++++ TASK DATA ++++
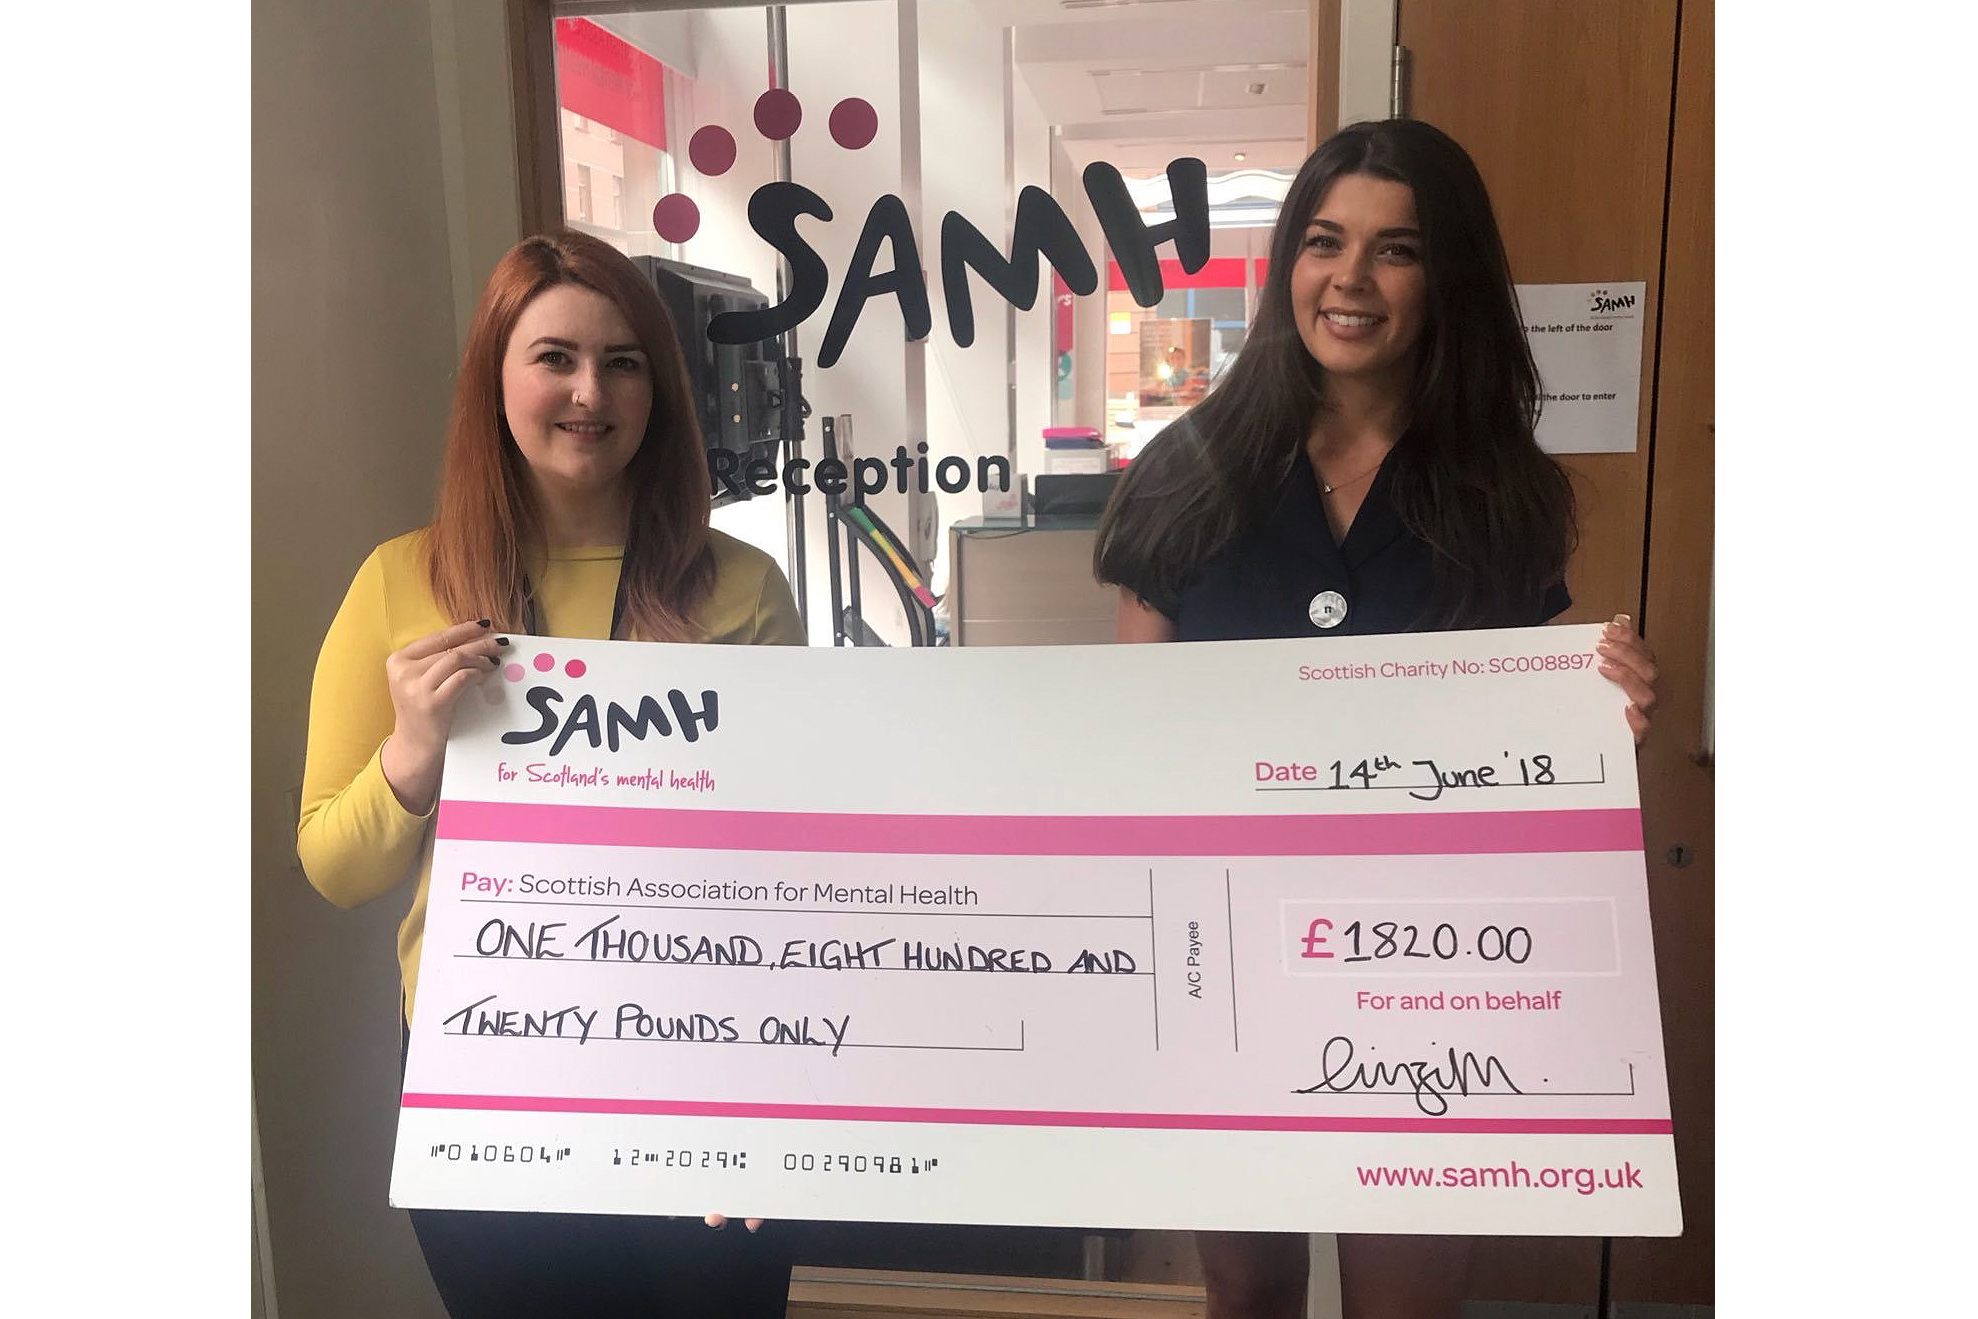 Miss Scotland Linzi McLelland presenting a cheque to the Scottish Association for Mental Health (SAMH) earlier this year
++++
++++ TASK DATA ++++
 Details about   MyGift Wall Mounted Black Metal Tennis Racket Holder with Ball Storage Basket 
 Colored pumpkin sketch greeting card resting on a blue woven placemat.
++++
# AIM OF THE TASK
Set down, exactly as they appear above, all lines from the one that has "Ball Storage Basket" down to the one that has "Colored pumpkin sketch", including those two and no others.

# SOLUTION FOR THIS EXERCISE
 Details about   MyGift Wall Mounted Black Metal Tennis Racket Holder with Ball Storage Basket 
 Colored pumpkin sketch greeting card resting on a blue woven placemat.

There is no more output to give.